# Work to complete
All of the listing below must be repeated word for word. Pictures are the only thing to omit.

# Given material

= Beginning of Section =

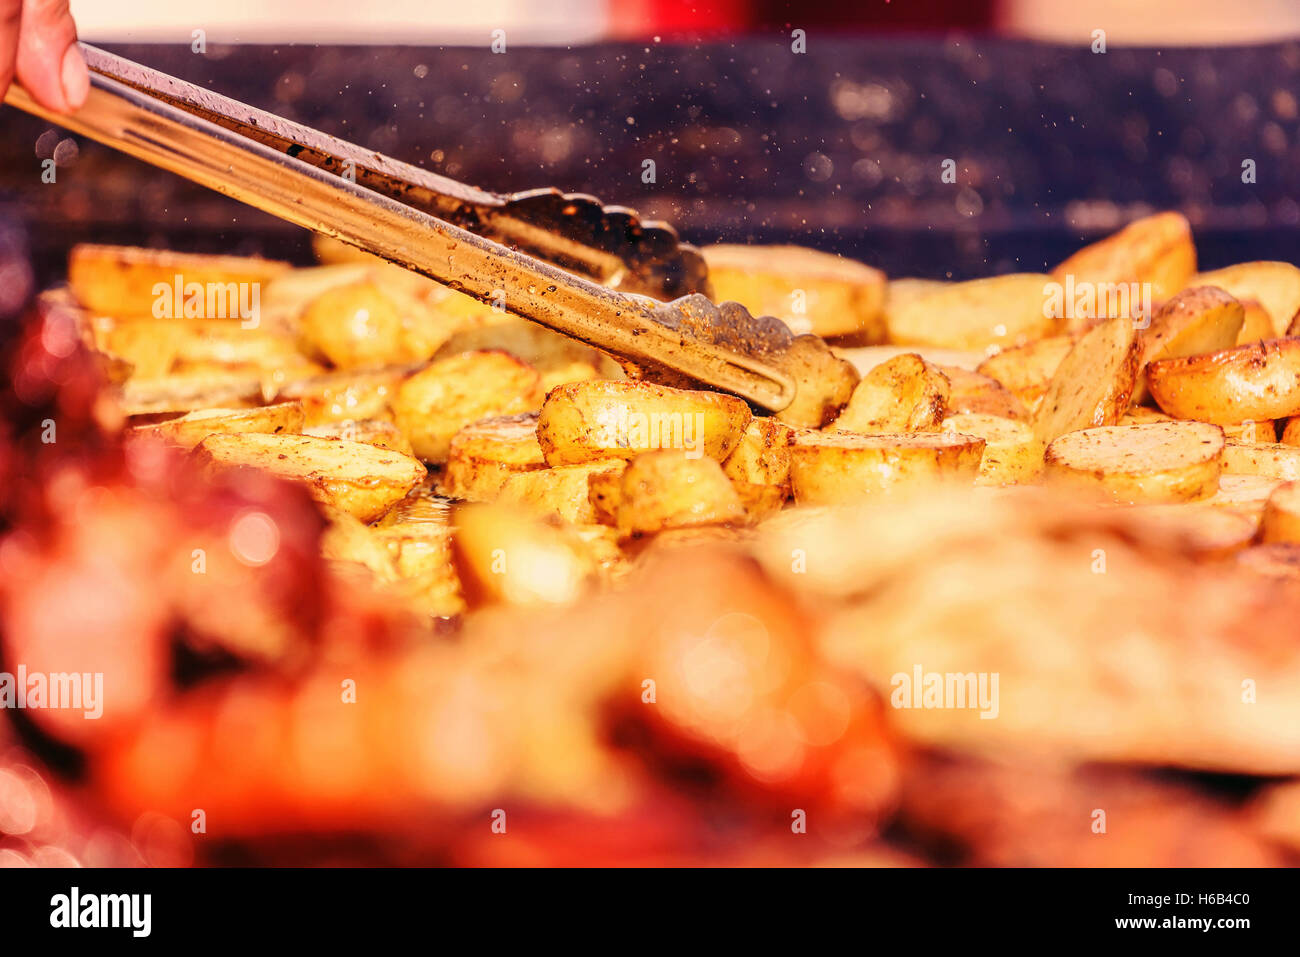 Preparing Grilled Potatoes On Barbecue Stock Photo
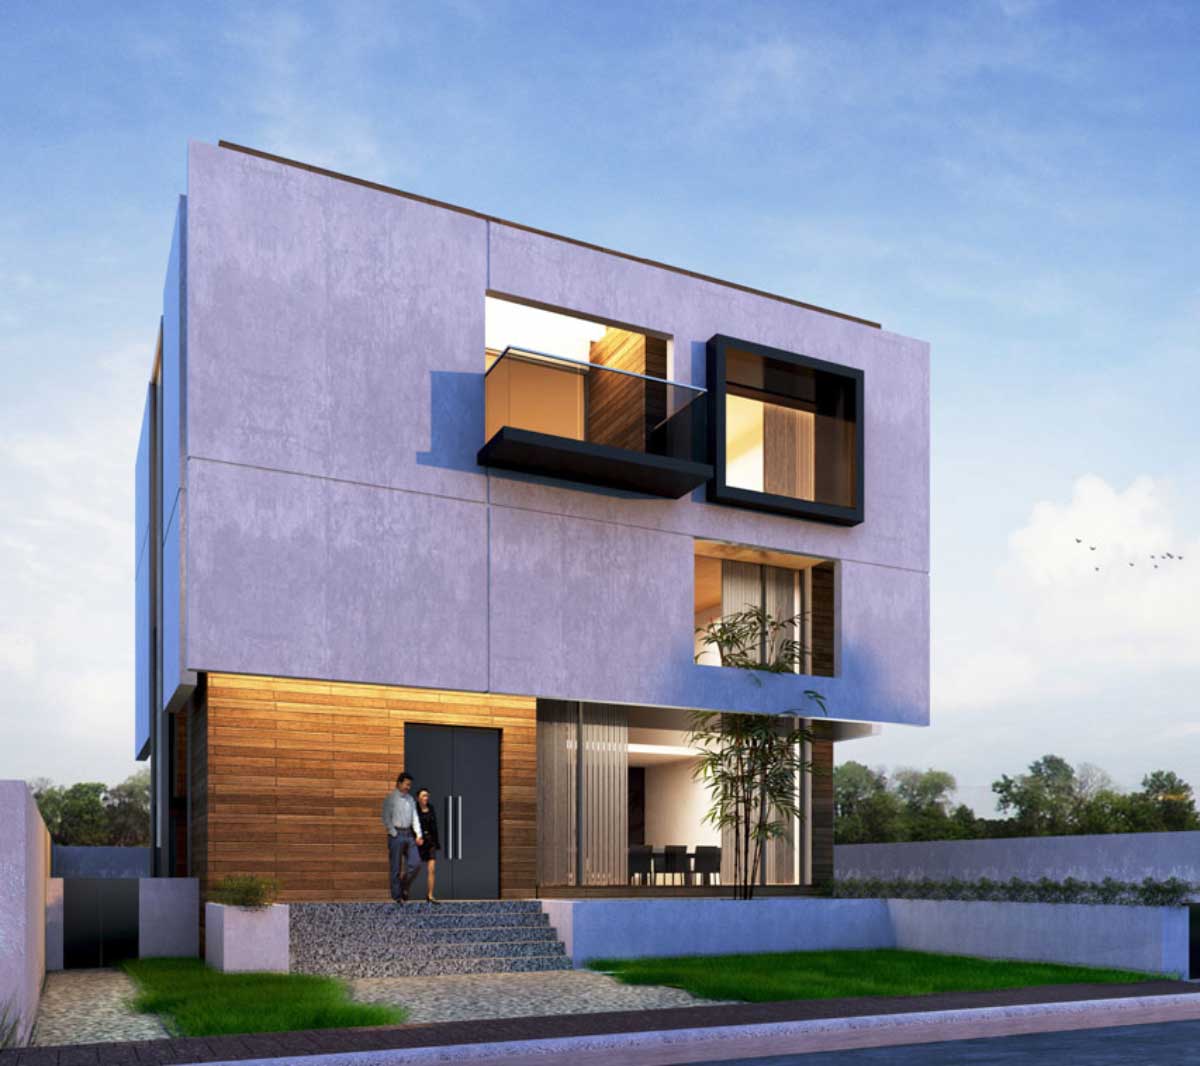 The 4-Walls Residence features a modern and minimalist style of architecture for a small family in Alabang, Manila Philippines. The house design initially takes the proportions of a cube.
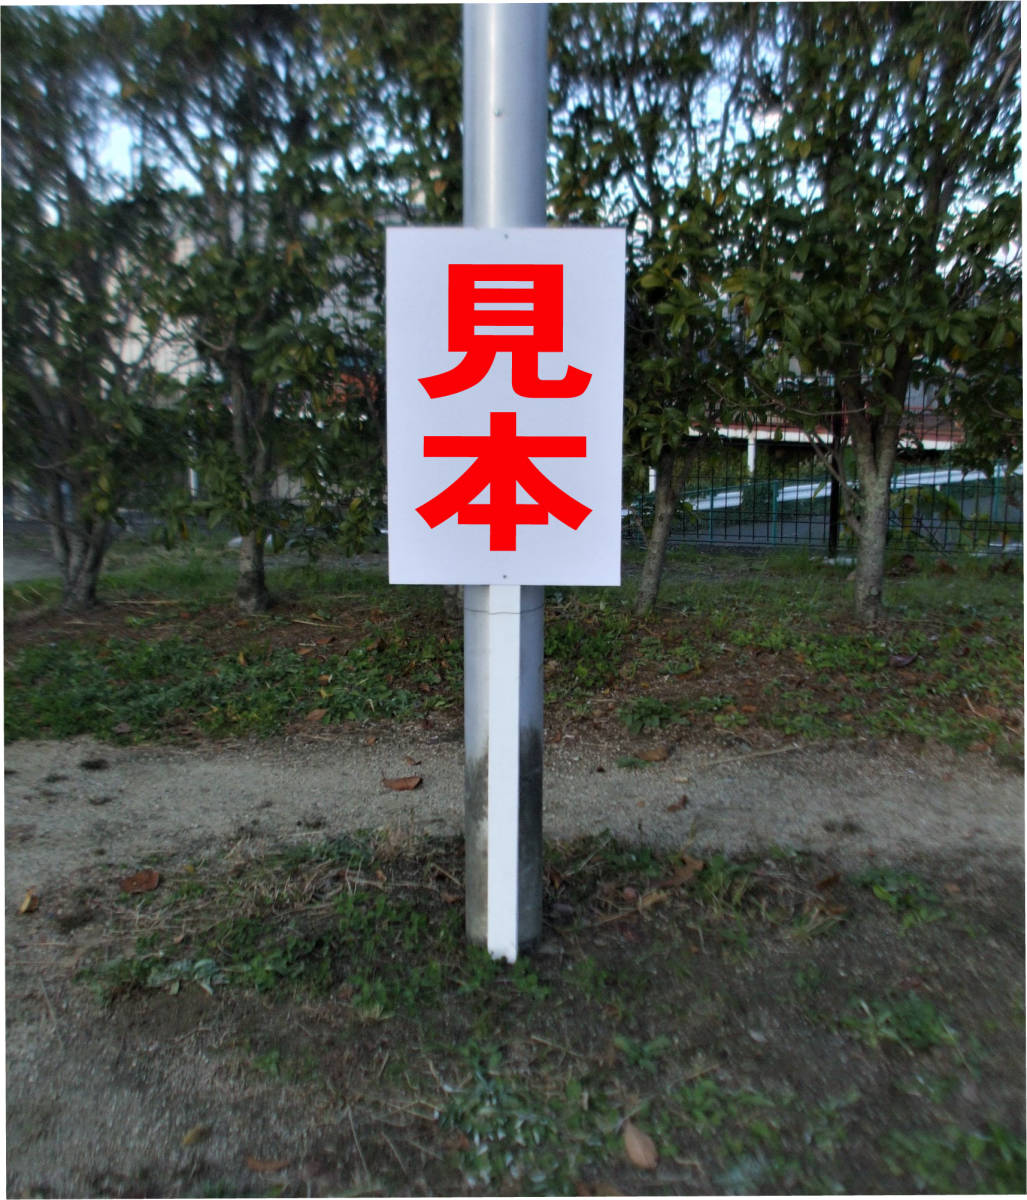  simple .. signboard [ empty . equipped ( red ) over white attaching ] real estate outdoors possible ( surface board approximately H45.5cmxW30cm) total length 1m

= End of Section =

# Answer section
 Preparing Grilled Potatoes On Barbecue Stock Photo
 The 4-Walls Residence features a modern and minimalist style of architecture for a small family in Alabang, Manila Philippines. The house design initially takes the proportions of a cube.
  simple .. signboard [ empty . equipped ( red ) over white attaching ] real estate outdoors possible ( surface board approximately H45.5cmxW30cm) total length 1m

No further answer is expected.